Directions: Copy the lines below exactly, starting at the one with "Stunning Richelieu by" and ending at the one with "8 dinner size knives, 9 5/8", and leave out any picture.

Supplied material:
* * * *

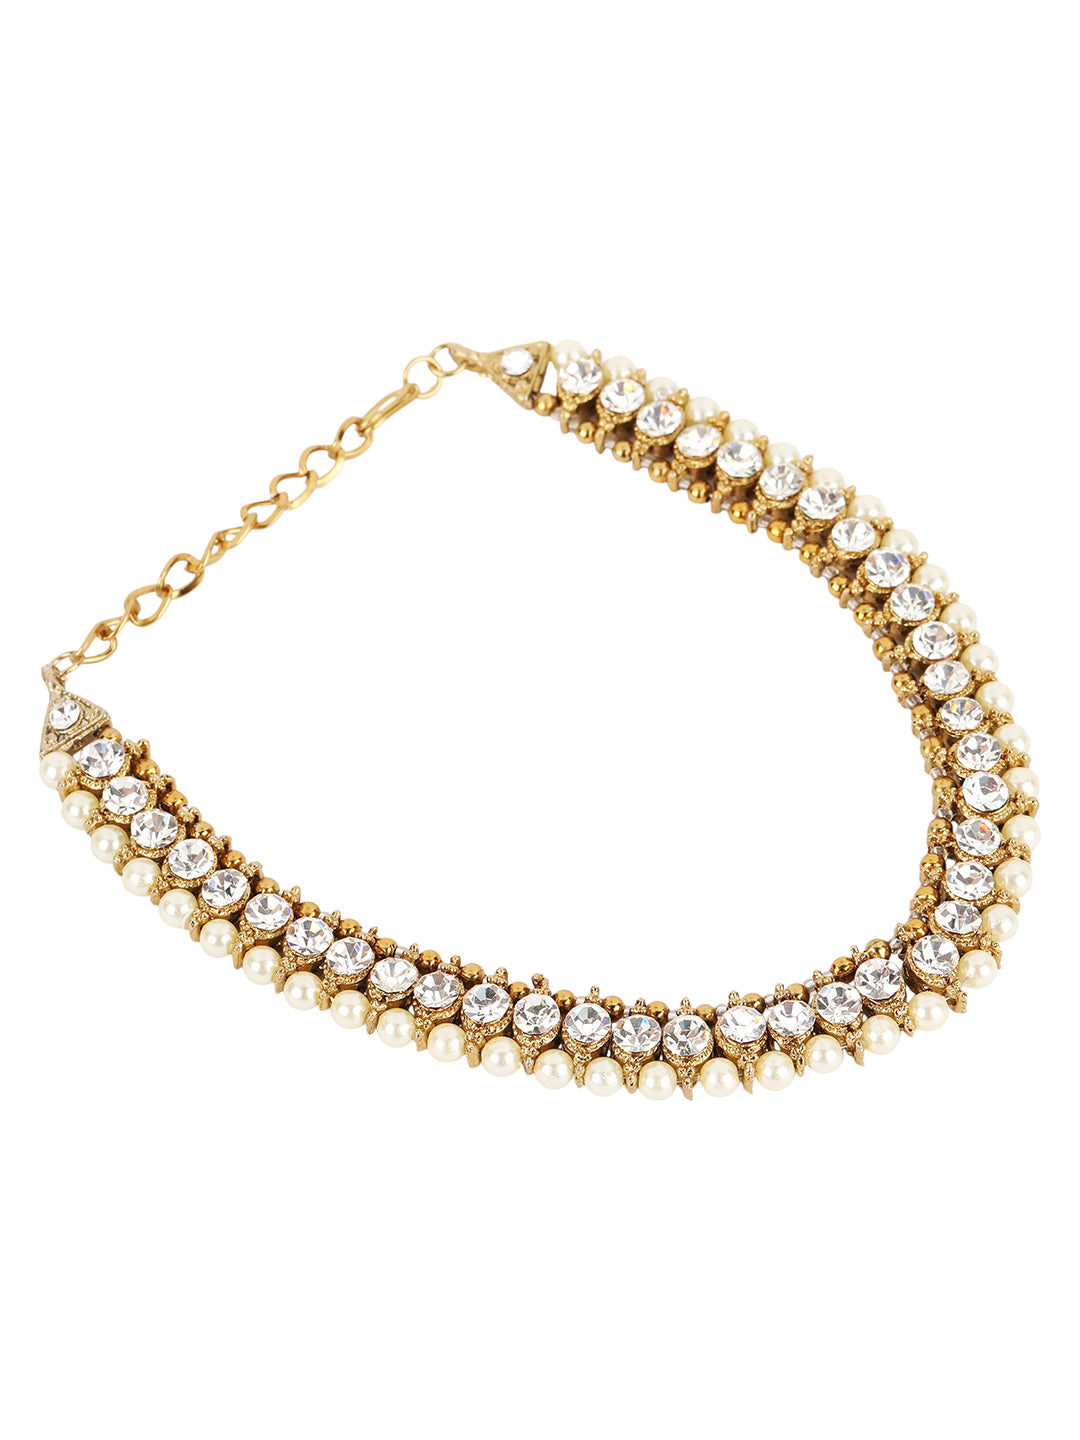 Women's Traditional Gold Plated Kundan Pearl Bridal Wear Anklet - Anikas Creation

* * * *

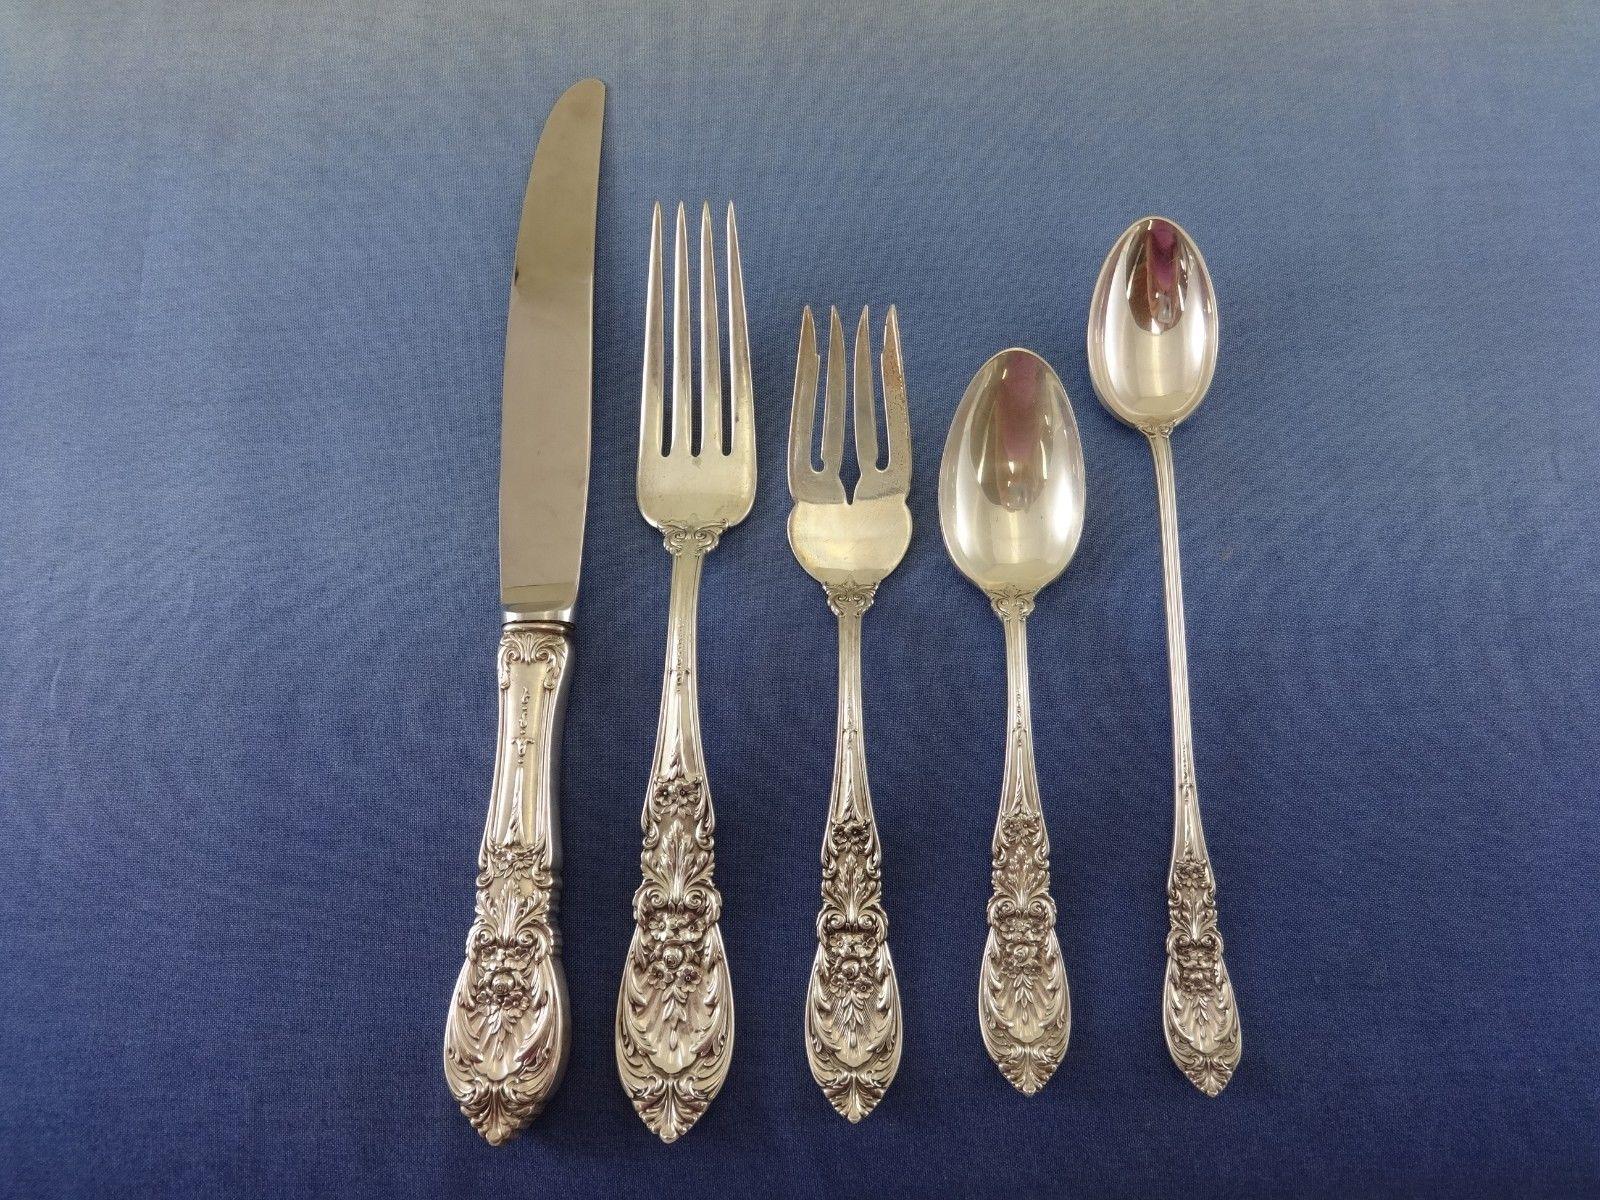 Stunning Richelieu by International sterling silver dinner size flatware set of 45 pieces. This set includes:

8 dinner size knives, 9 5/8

* * * *

Finished task:
 Stunning Richelieu by International sterling silver dinner size flatware set of 45 pieces. This set includes:

8 dinner size knives, 9 5/8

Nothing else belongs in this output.